Friday, October 18, 2024

Why former pilot Dylan Cunha is hoping to achieve lift-off with one-time Aidan O’Brien reject Prague in the Queen Elizabeth II Stakes

  • Cunha decided to stop his successful career as a pilot and become a trainer  
  • The former flight expert now trains Prague who was once sold for just £10,000
  • Cunha reached his goal for the year of training 30 winners on Wednesday night

The symbolism is inescapable and Dylan Cunha cannot help but laugh as it is pointed out: here he is, a former pilot turned trainer, watching an equine ‘aeroplane’ fly past.

This is one of those magical Newmarket mornings, when everything is still and all you can hear on the famous Limekilns gallops are the thunder of hooves. The hooves we have come to see belong to Prague, the fairytale horse Cunha will saddle in Saturday’s Queen Elizabeth II Stakes.

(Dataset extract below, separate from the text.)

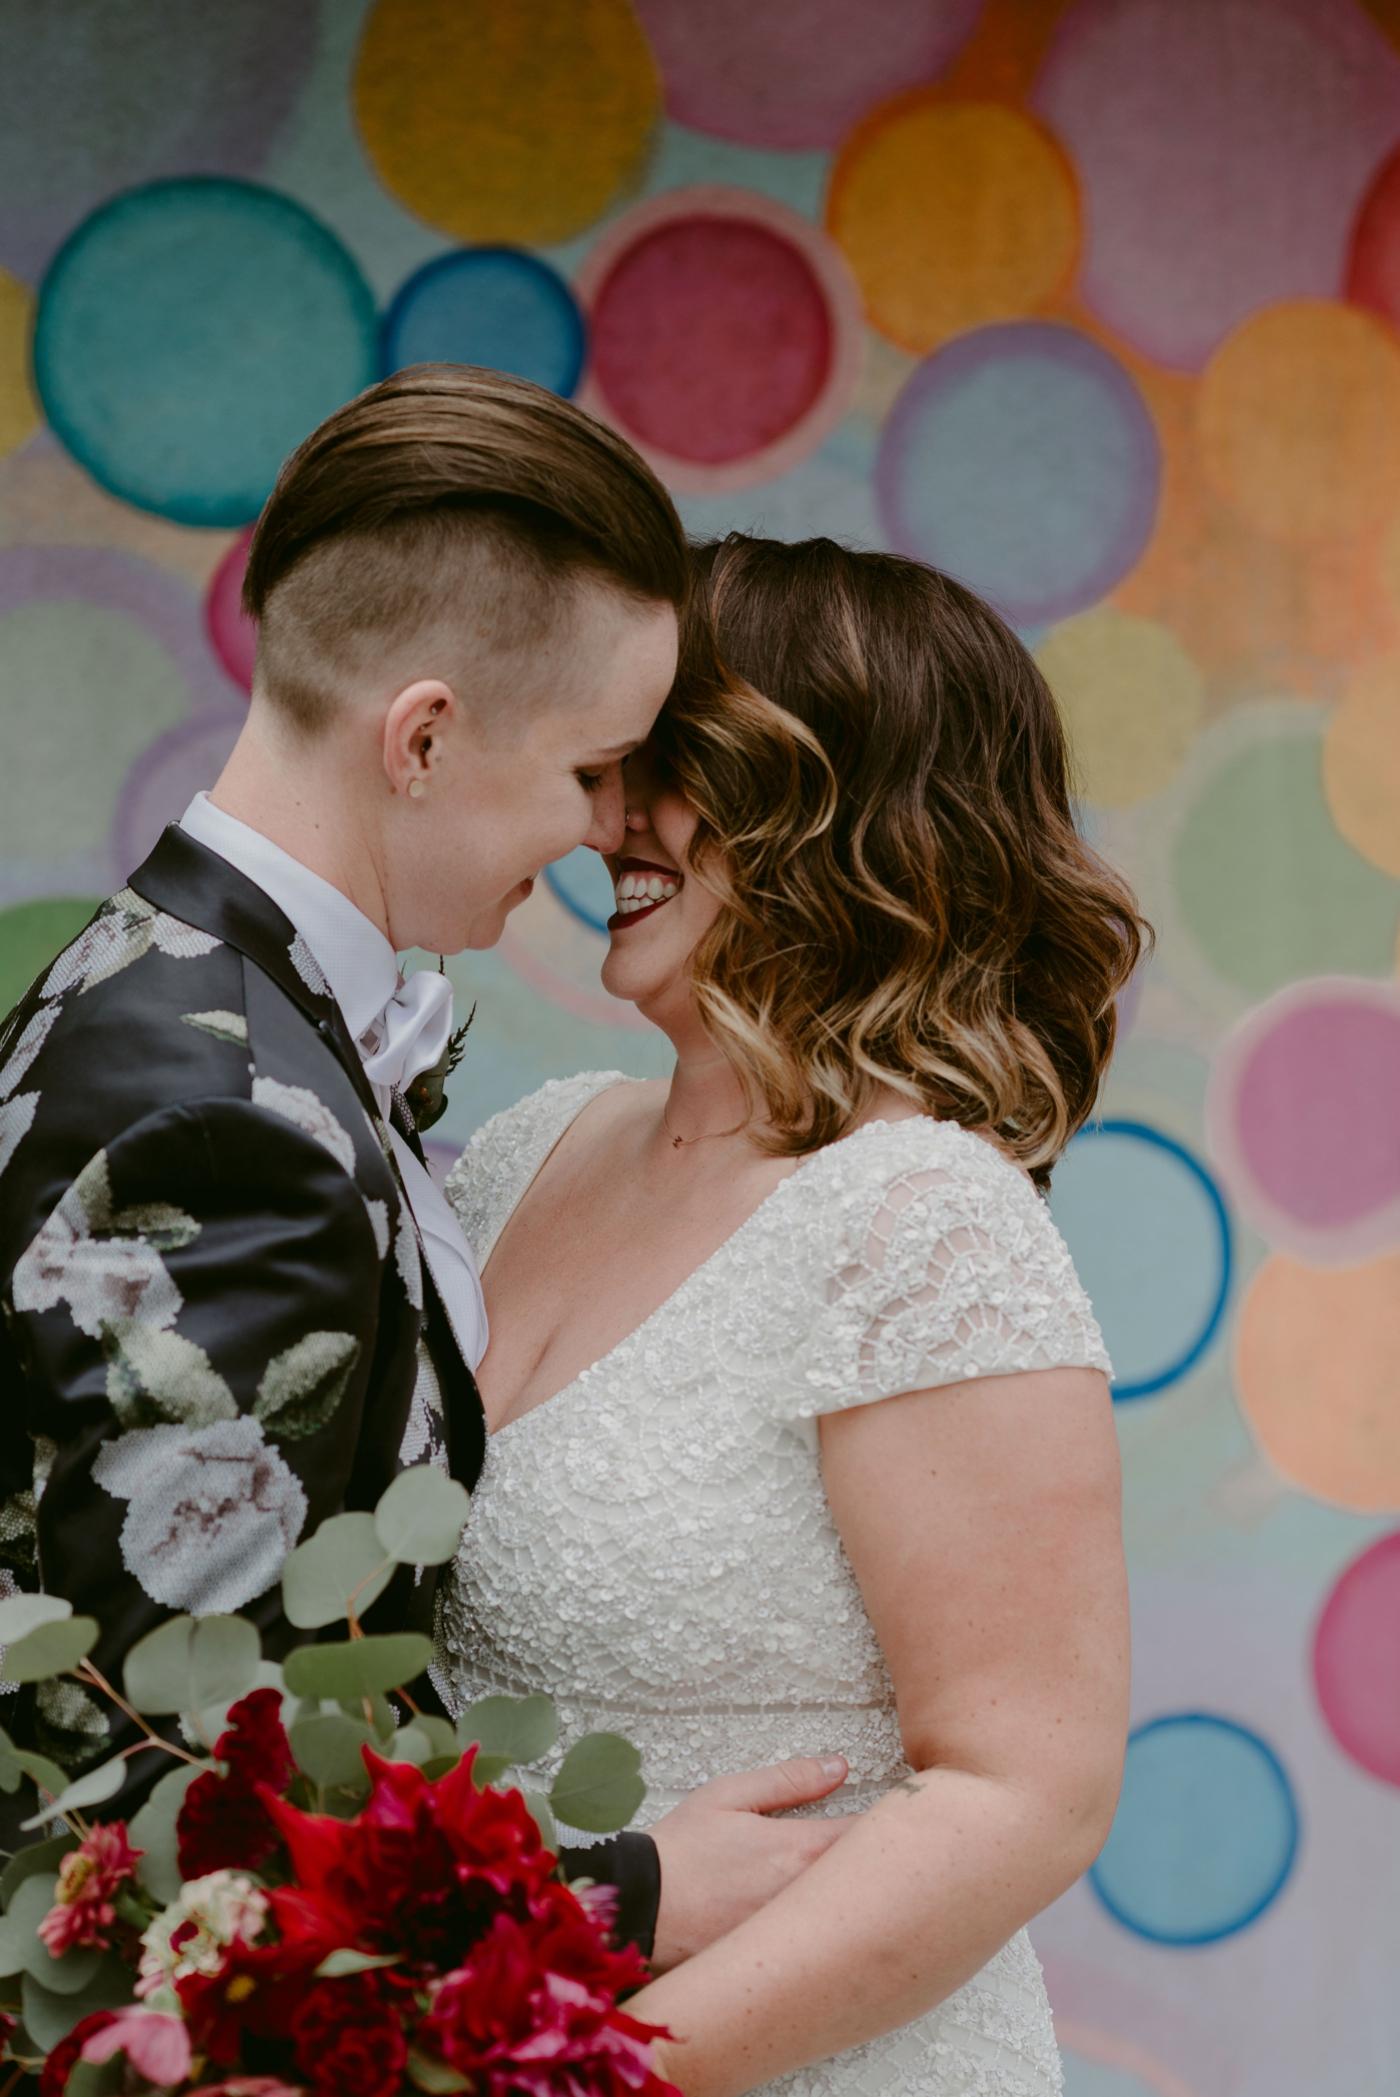 Buffalo-Wedding-Babeville-NY-Courtney+Liz_MJPHOTO-194.jpg

Fairytale can be an overused term but not here. Prague, a son of the great Galileo, was once in Aidan O’Brien’s care but never made the track for the master trainer. When he was sold last autumn, the last thing O’Brien would have envisaged was to see him line-up at Ascot on QIPCO Champions Day.

‘This is how to put it,’ says Brett Little, a friend of Cunha’s who owns the nearby Gee-Gees wine bar and has joined us to watch this workout. ‘It’s like Man City sold Erling Halaand from their reserves to Newmarket United and now he’s scored the goals to put Newmarket in the Champions League.’

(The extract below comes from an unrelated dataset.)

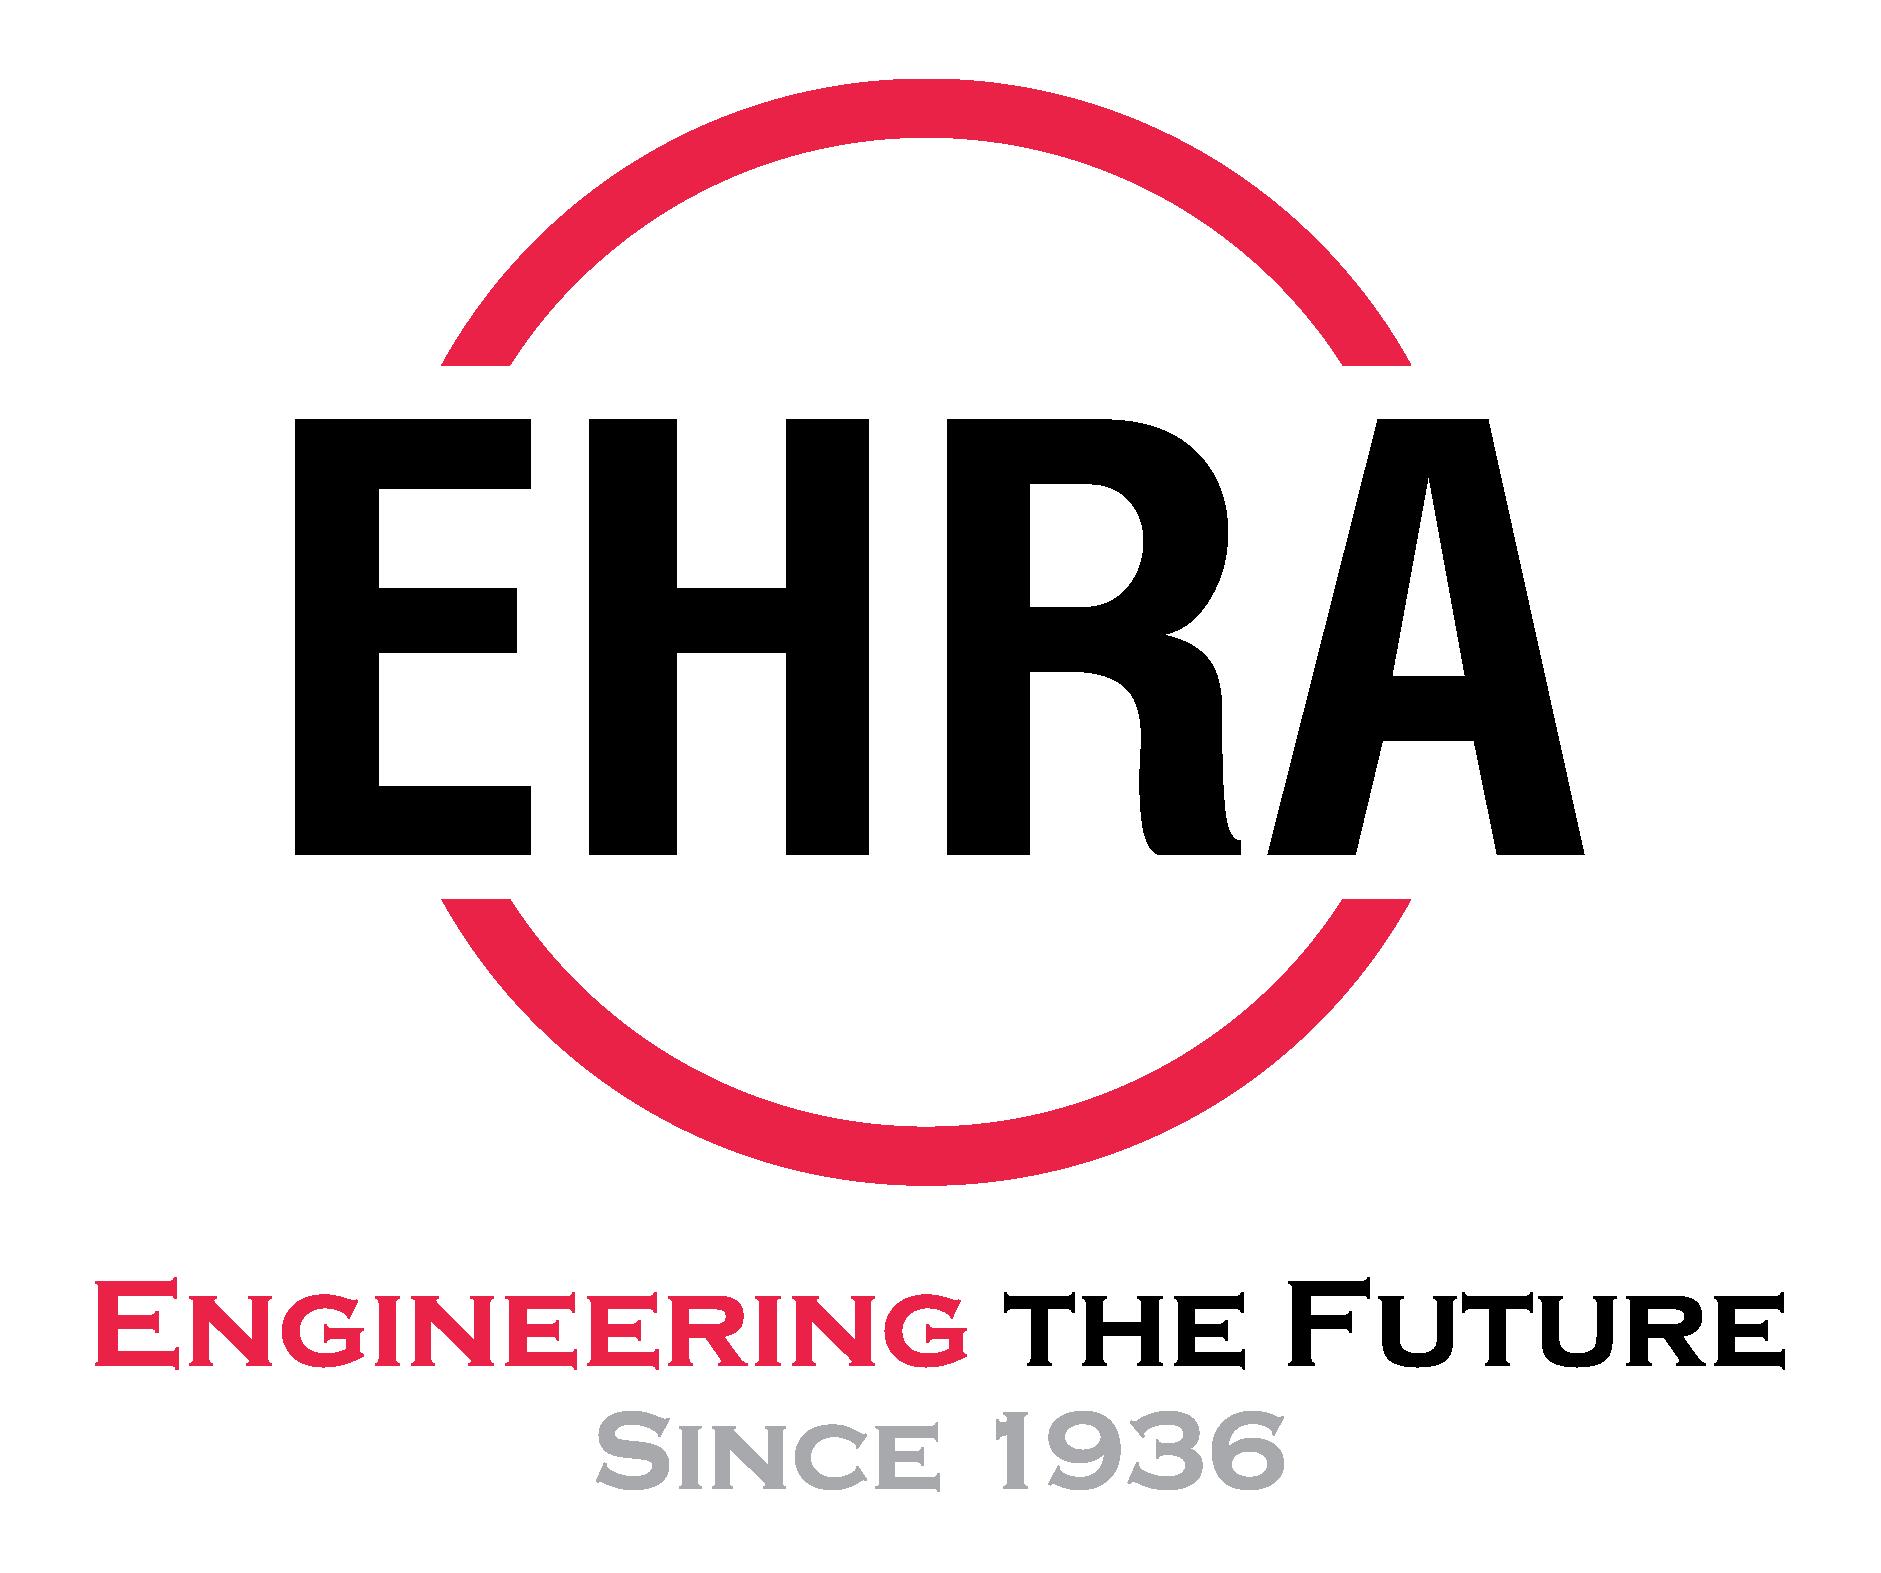 Edminster, Hinshaw, Russ & Associates, Inc. Company Logo

It’s a beautiful analogy, one that works on every level. When a horse is sold for £10,000 out of Ballydoyle, the most you might expect is for it to run at provincial tracks but Prague, under Cunha’s astute guidance, has hit the big time and will compete for a £655,709 first prize on Saturday afternoon.

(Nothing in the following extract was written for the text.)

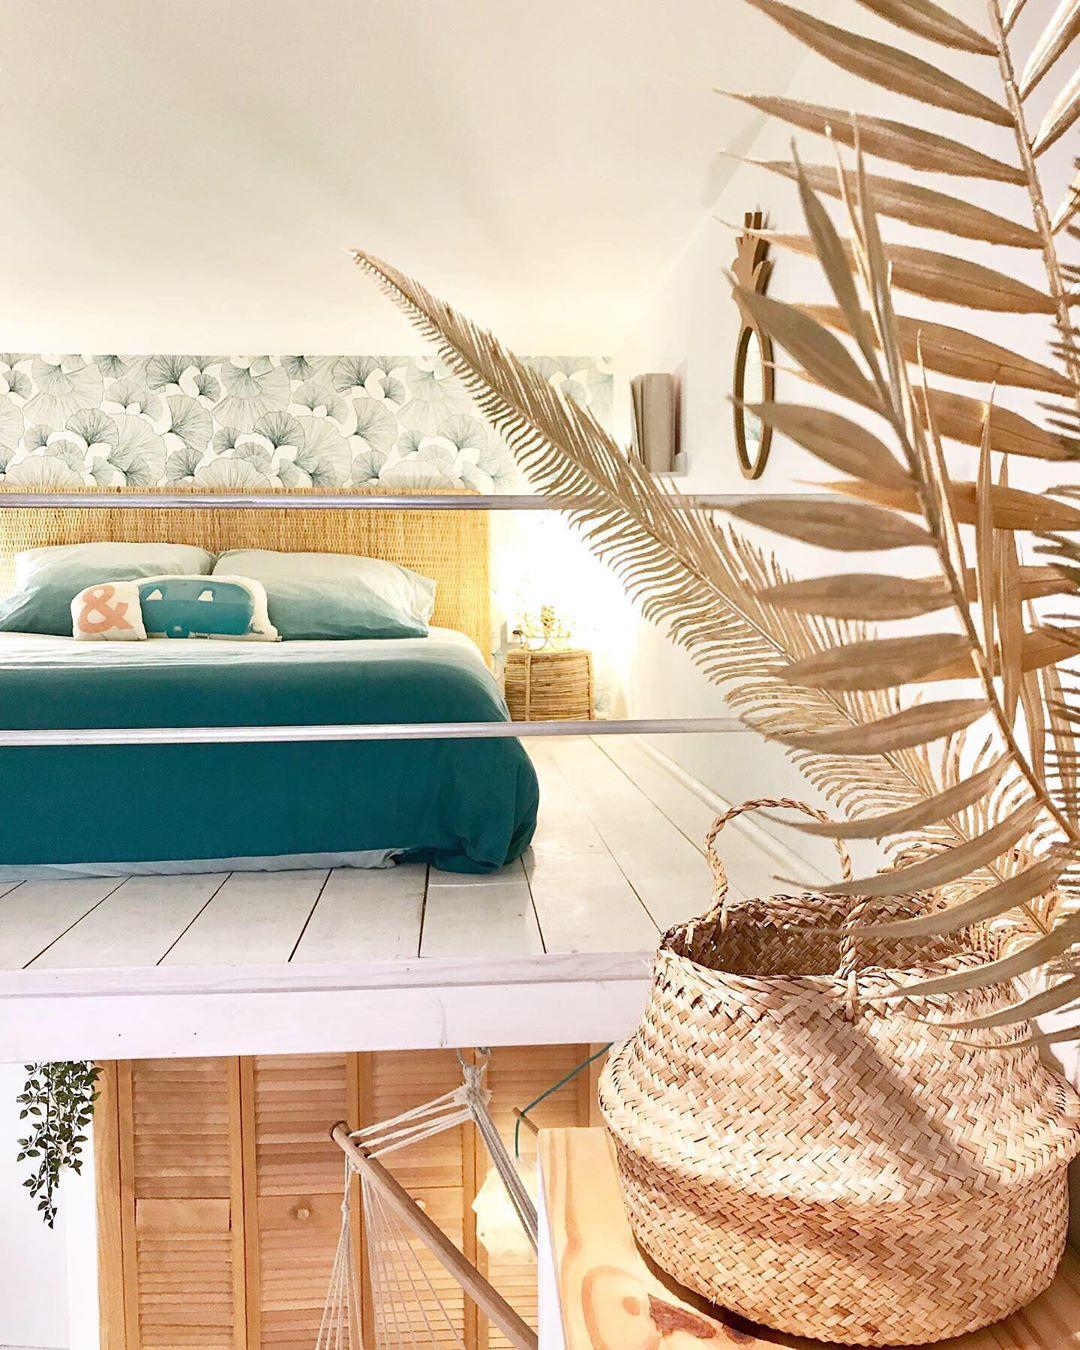 chambre ado déco tropicale lit fibres naturelles panier en osier

Dylan Cunha was once a pilot who now has his 'dream' job of being a successful trainer

Cunha trains Prague, who will race in Saturday's Queen Elizabeth II Stakes at Ascot

How he has ended up in such a situation is remarkable. He was bought by Amedeo Dal Pos, a Venetian, who has worked for Cunha for 18 months. He has spent his life in racing, the last 12 years in Newmarket, and with some scrimping, saving and a little help from lifelong friend Hugo Zaneni was able to buy Prague.

‘I love him,’ says Dal Pos, in the way a parent would say about a child. He goes into Cunha’s yard each morning at 430am to check on all the horses but Prague gets that little bit of extra attention and how you can tell as his bay coat gleams. There won’t be a better turned out runner at Ascot.

‘He is my best mate and I am living a dream with him. You can see he has the same passion as I do. I call him “Pipo” and I know how to handle him. If he doesn’t know you, he will try to bite you! He always tries so hard and his heart is so big.’

Dal Pos rides him in all his work and what we witness was all the evidence Cunha needed to pay the £70,000 supplementary fee to add him to the QEII field on Tuesday. Prague, who has two of his five races for Cunha, almost pulls his owner’s arms out as he bounds past and “travelled like a tank.”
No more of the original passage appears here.